Woodbridge station is a train station in Woodbridge, Virginia. It serves Amtrak's Northeast Regional line and Virginia Railway Express's Fredericksburg Line. Woodbridge's Rippon station is also served by VRE. Woodbridge station is located at 1040 Express Way, on the opposite side of the tracks of the Jefferson Davis Highway (U.S. 1).

History
The Woodbridge station was originally built in 1992. It is located near the site of a former Richmond, Fredericksburg and Potomac Railroad station known as "Occoquan Station," until 1951 when it was renamed "Woodbridge Station." The Carolinian stopped here between 1995 and 1999.

A second platform on the western side of the tracks was completed prior to the planned Summer 2010 initiation of express service to Washington.
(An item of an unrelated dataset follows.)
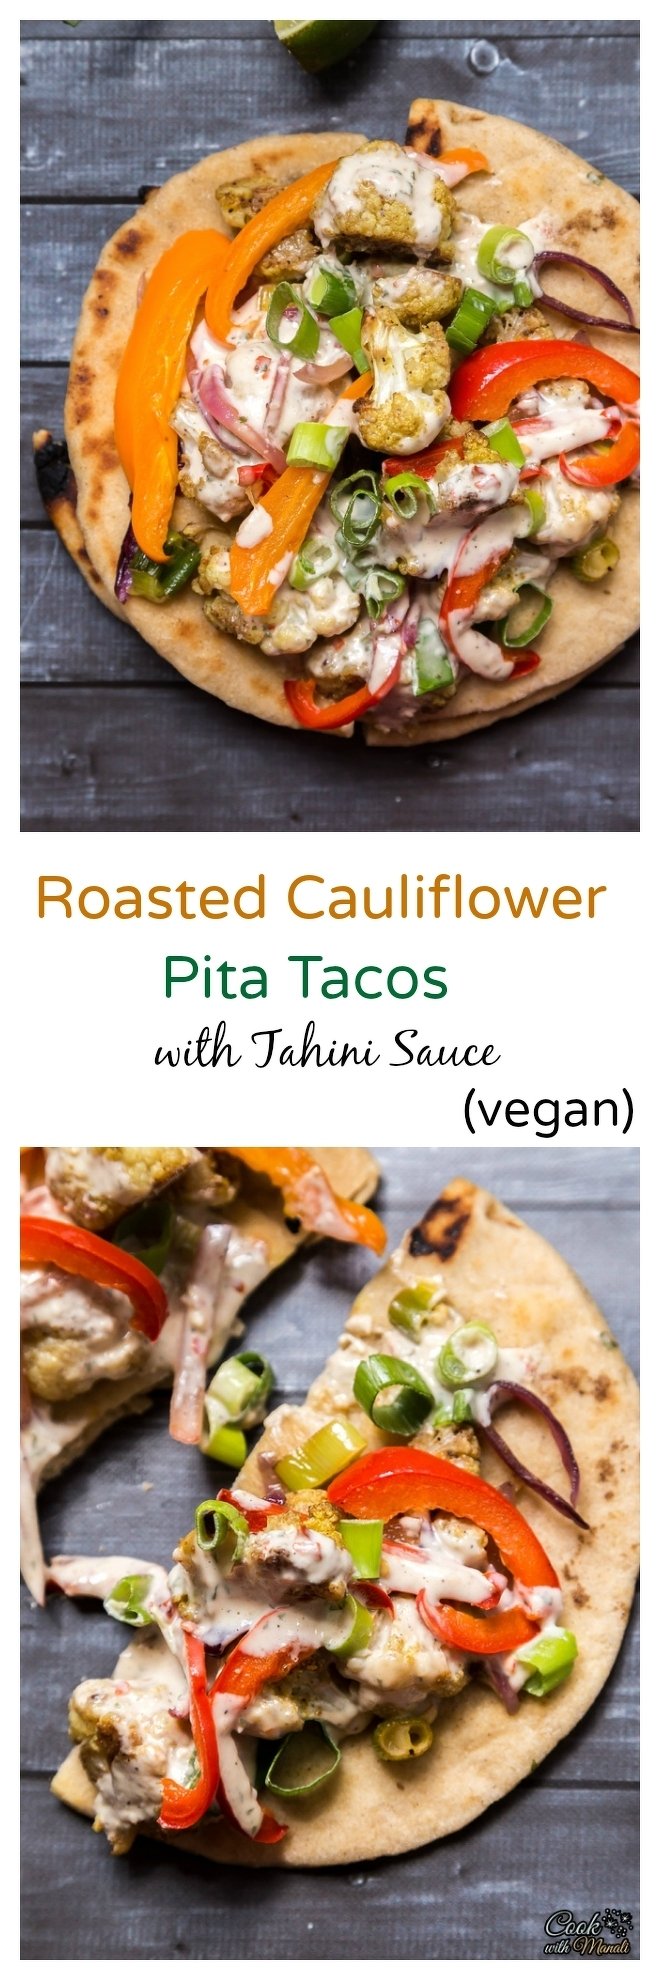 Roasted Cauliflower Pita Tacos Collage-nocwm

Access from northbound US 1 to the platform and elevator on the western side was included in the project.

A planned $29.7 million project will add a third track, convert one side platform to an island platform, and lengthen both platforms. Construction is expected to be complete around 2027.

Notes

External links
 

VRE – Woodbridge Train Station
Woodbridge Amtrak-VRE Station (USA Rail Guide – Train Web)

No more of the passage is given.